Квипрокво, однако, в том, что она вовсе не помнит и даже не знала об анонимке. Писали с приятелем какое-то письмо, не поинтересовалась; вот что Димка тогда болел краснухой — хорошо помнит. Дело в том, что эту женщину (согласно его разглагольствованиям — хитрую хищницу, собственницу, «фальшивую монашенку») отличает простодушие. Она уверена, что ее замужество будет для него праздником: ведь обуза с плеч долой! И «коварства» у нее хватает лишь на то, чтобы не сразу его обрадовать. От реванша она далека, как от Луны.

Таков первый крупный сюжетный сбой и наглядно показанная несовместимость. Но главный «трюк» и эффект, а там и главный узел конфликта, автор приберегает для нас на потом, когда выясняется, что Димка вовсе не ее сын. Это его сын, рожденный от другой женщины, с которой он изменил ей, но усыновленный по настоятельному желанию жены. И сейчас по-прежнему в этом Димке, выросшем и превратившемся в трудного подростка, радость и смысл ее существования.

Вот какой драматургический материал оказался в руках у Никиты Михалкова, когда он начал репетировать «Беседу без свидетелей» в Театре имени Евг. Вахтангова, а потом в силу сложившихся обстоятельств перенес ее в павильон «Мосфильма».

Не только название изменилось. В сценарии и далее в фильме было произведено несколько операций, сгустивших концепционный смысл и заостривших образы, углы, зигзаги. Сделано это было постановщиком добровольно, специально, сознательно: подчеркнем это особо не ради одной лишь точности — этикета нашей профессии, но для того, чтобы посмотреть, каким путем пошел художник. Чем более неожиданно то или иное творческое решение, тем больше шансов (хотя и нет гарантии!), что оно не случайно, что оно свидетельствует о каком-то новом веянии в искусстве, о направлении, нами еще, может быть, не замеченном и не осознанном, но уже взятом теми, кто слышит более чутко, нежели мы, потребность времени. Так бывает.

У пьесы «Беседа без свидетелей» открытый финал, финал-многоточие. Не вытерпев мучительства, под натиском Она позвонила по телефону и сказала Шляхову, что все кончено. Вскоре раздаются настойчивые звонки в дверь квартиры. «Валя, Валя!» — зовет Она — и только, это последняя реплика.

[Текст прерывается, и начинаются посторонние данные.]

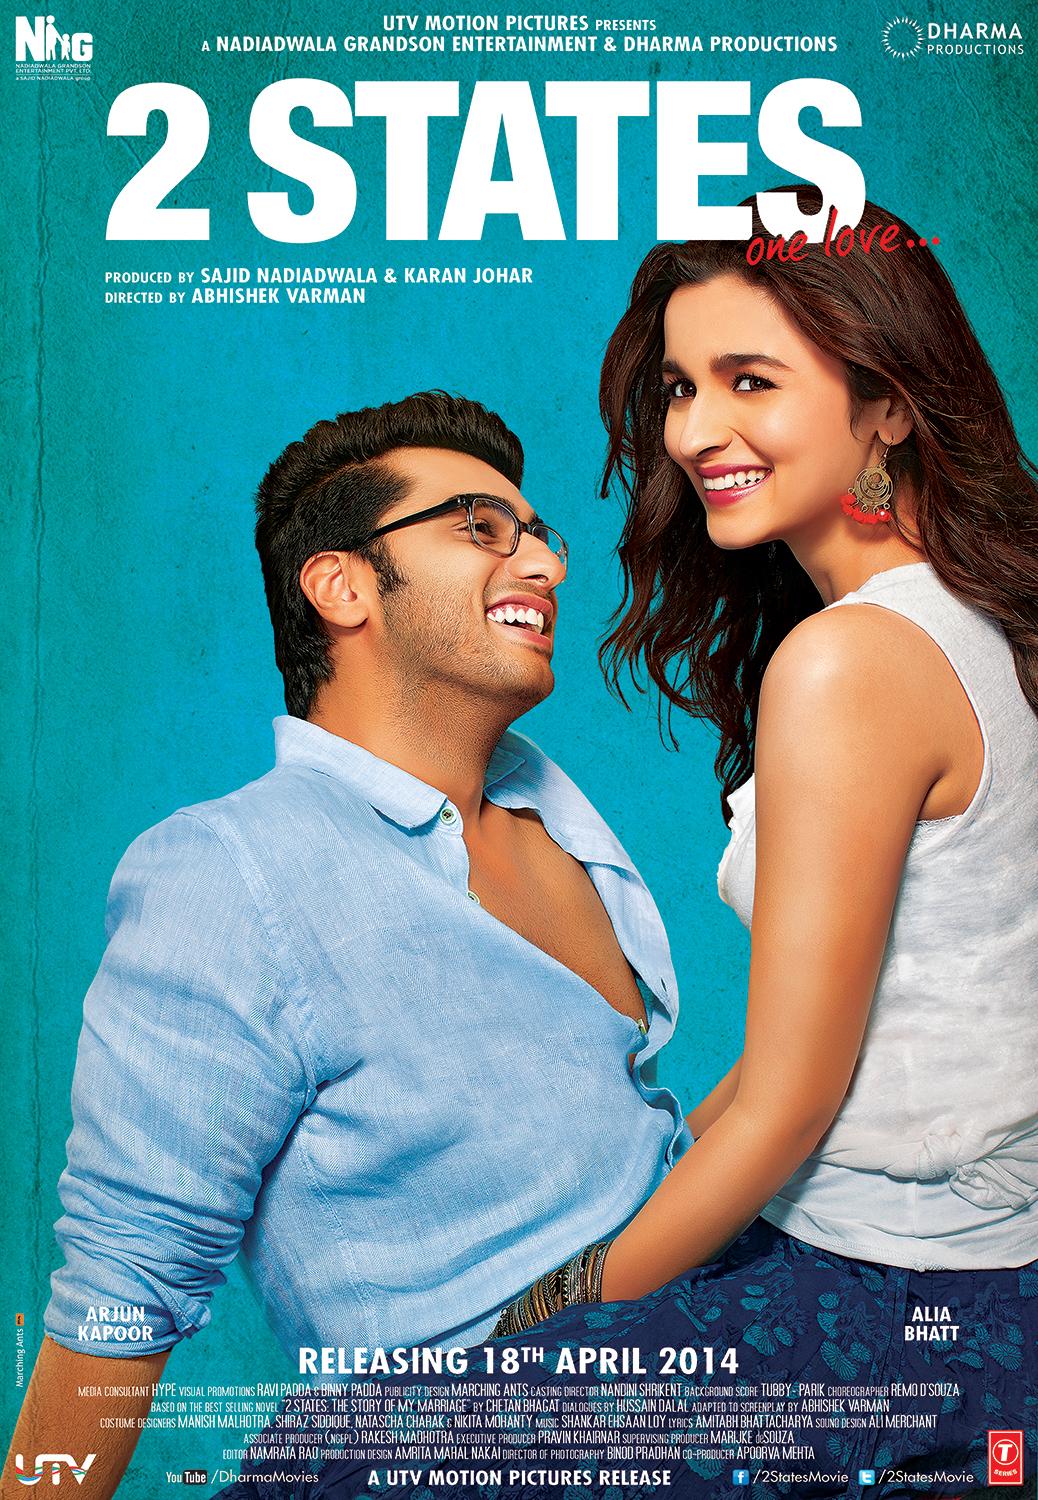 However, their journey to eternal love is not without hurdles. The central conflict of the film lies in the cultural differences between Krish and Ananya's families. As they decide to tie the knot and embark on their marital journey, they are faced with the daunting task of convincing their conservative parents to accept their cross-cultural relationship.
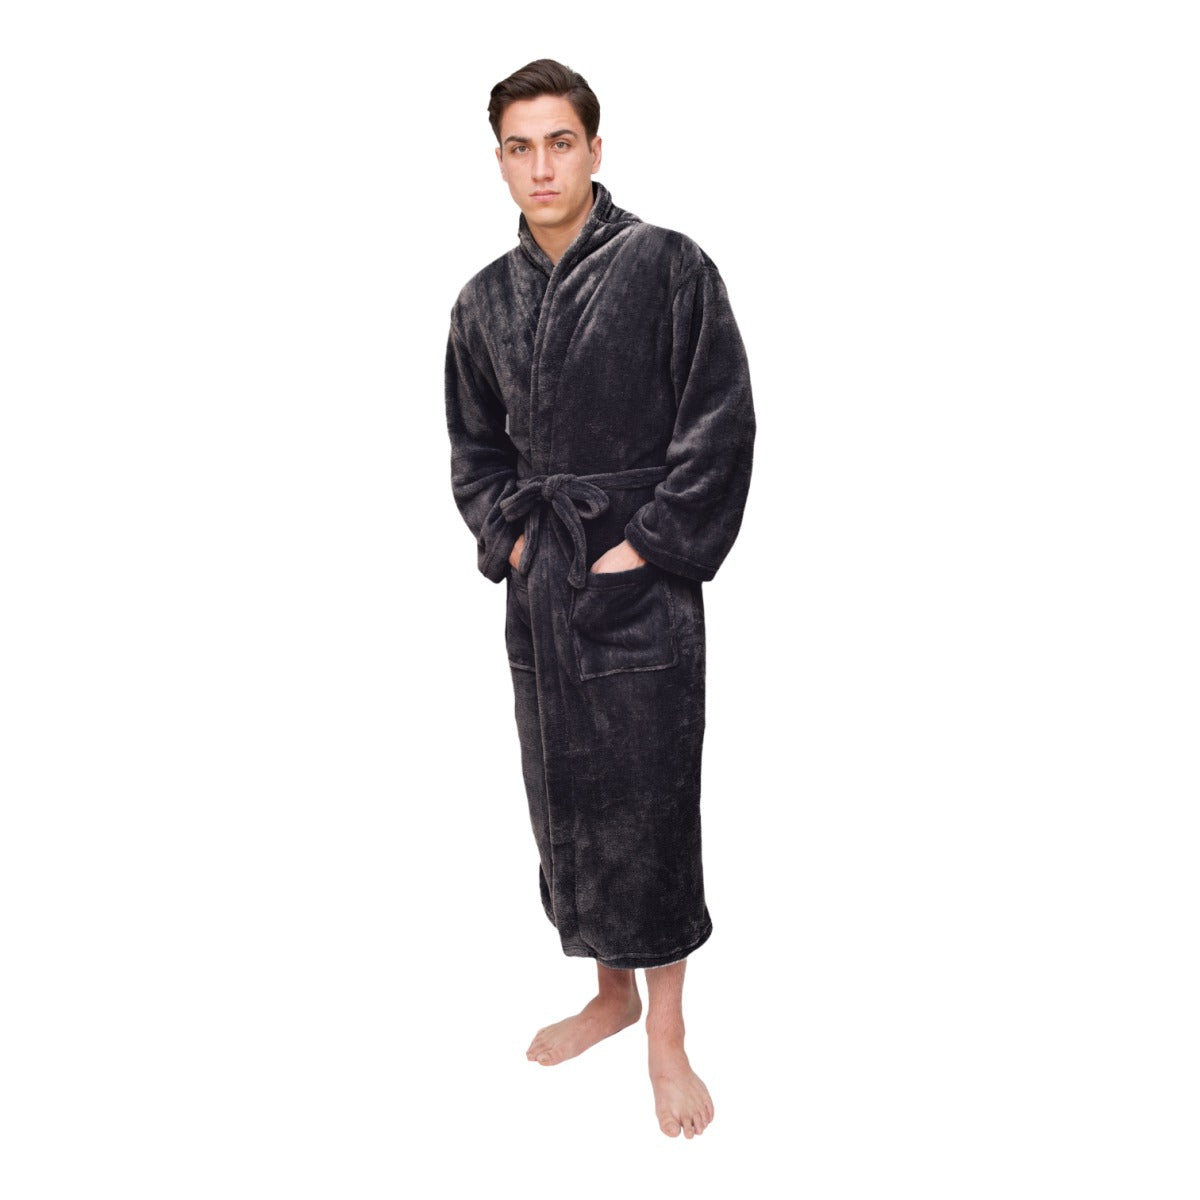 Custom Robes for Family - Grandfather

В фильме Валентин Степанович вместе с Димой (оказывается, они весь вечер занимались математикой, то есть сын и будущий отчим в полном контакте) бурят дрелью, рубят топором и ломают дверь, чтобы спасти пленницу, — ситуация педалирована.

Более того, сюжет фильма заключен в кольцо закадрового текста героини. Это «письмо из будущего», которое предваряет и завершает действие. Она пишет своему мужу Вале из пансионата, где отдыхает с их шестилетней дочкой, счастливая, любящая, спокойная. Кроме этого хеппи-энда мы узнаем из письма и о крахе Его: постарел, тесть-академик умер, все не ладится, лечился в больнице от пьянства...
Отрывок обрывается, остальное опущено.